Attualmente scrive di aerei, moto e personaggi sui mensili Airone e
For Men Magazine del gruppo Cairo Editore.
Da tre anni Alice è telecronista del Motomondiale sui tvfonini 3 per La3,
televisione gratuita, insieme ai piloti Dario Marchetti e Mauro Sanchini. Su La3
è anche conduttrice della trasmissione Motomagazine. Il suo sito è
Alice
Brum Brum.
Da cosa nasce il soprannome Alice Brum Brum?
«Anni fa iniziai a correre con un gruppo di motociclisti che si definivano i
"Cani Malati", in cui ognuno aveva il suo soprannome particolare e che, essendo
io l'unica donna, mi avevano praticamente adottata come mascotte. Uno di loro
una volta mi chiamò così mentre scendevo dalla moto, e così da quel momento
diventai Alice Brum Brum. In seguito ho scoperto che in realtà è la protagonista
di un fumetto anni '70 che, tengo a precisare, non mi somiglia per niente!».

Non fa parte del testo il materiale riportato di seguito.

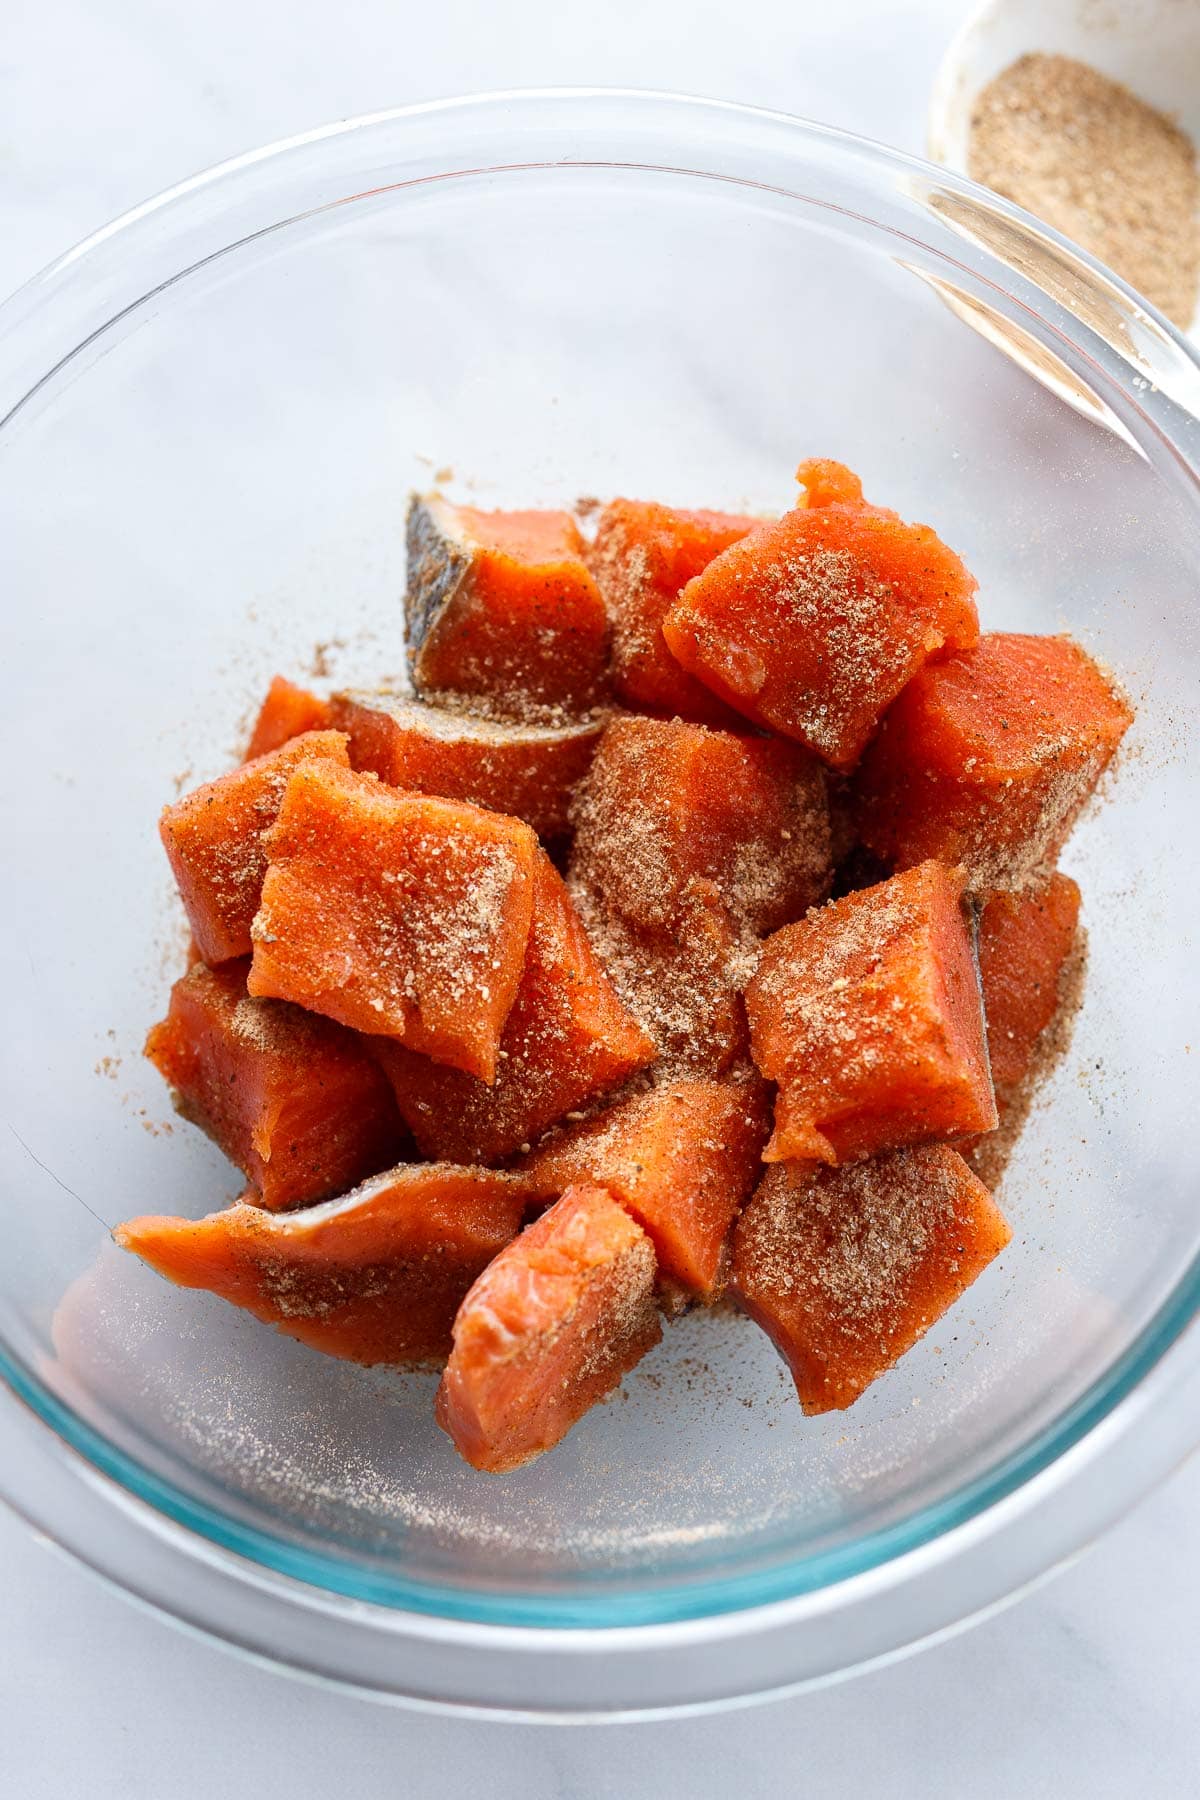 Spiced salmon cubes in a bowl.

Negli ultimi anni grande è l'interesse del pubblico italiano per il
Motomondiale: come mai secondo lei?
«Direi che dobbiamo questo soprattutto a Valentino Rossi, che nel corso degli
anni è diventato il vero portabandiera di questo sport. Si sa che noi italiani
quando vediamo un nostro atleta primeggiare in una disciplina ce ne scopriamo
appassionati, come ad esempio capitò anni fa con Alberto Tomba nello sci».

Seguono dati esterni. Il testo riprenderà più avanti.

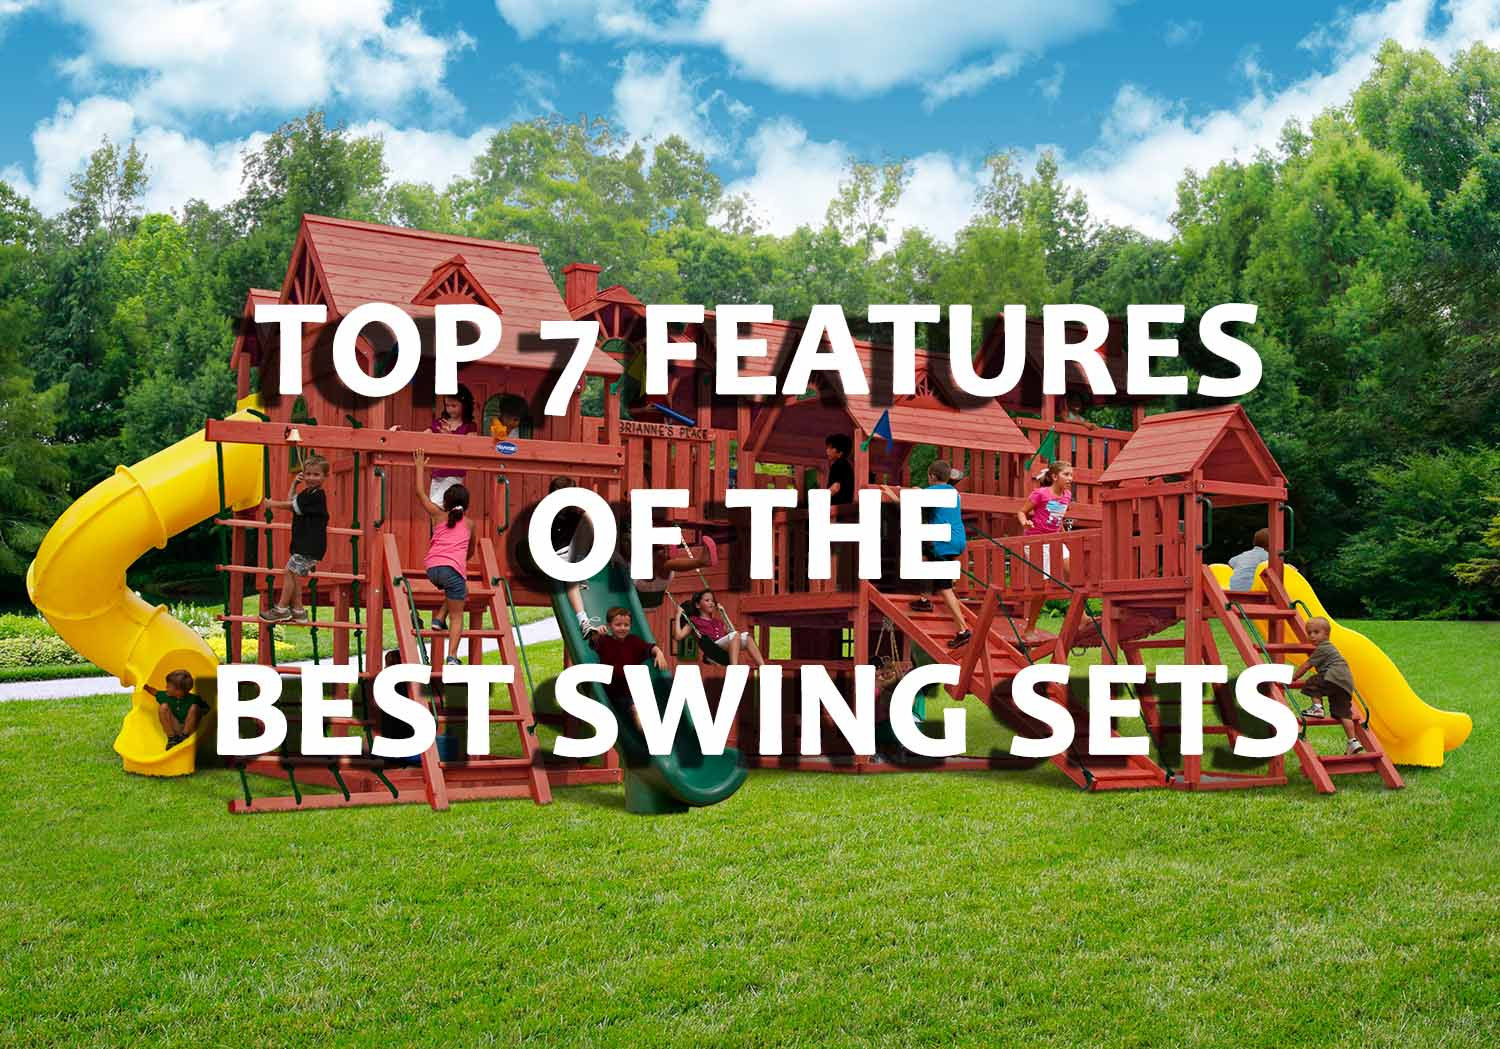 The Top 7 Features of the BEST Swing Sets

Grande protagonista sulle due ruote, ma anche personaggio spesso discusso
nelle cronache, Valentino.
«Detesto il gossip gratuito, specie quando mi fanno domande del tipo: tu che sei
nel settore, hai mai visto Tizio sniffare coca o Caio evadere le tasse?
Valentino ha dimostrato nel corso degli anni di essere un grande campione e
tutto quello che ha vinto lo deve al suo talento, al suo impegno e ai suoi
sacrifici. Quello che poi fa nella sua vita privata, dal pagare o meno le tasse
o frequentare donne, sono unicamente fatti suoi. Per quanto mi riguarda, mi
indigno di più nel vedere un serial killer che dopo vari omicidi riesce a farla
franca con l'indulto piuttosto che una vicenda come quella legata alle tasse di
Valentino, che ha "sconvolto" l'Italia».
Pensa che avere in casa un campione come lui, dopo l'ottavo trionfo, possa
incitare i giovani a seguire la sua strada?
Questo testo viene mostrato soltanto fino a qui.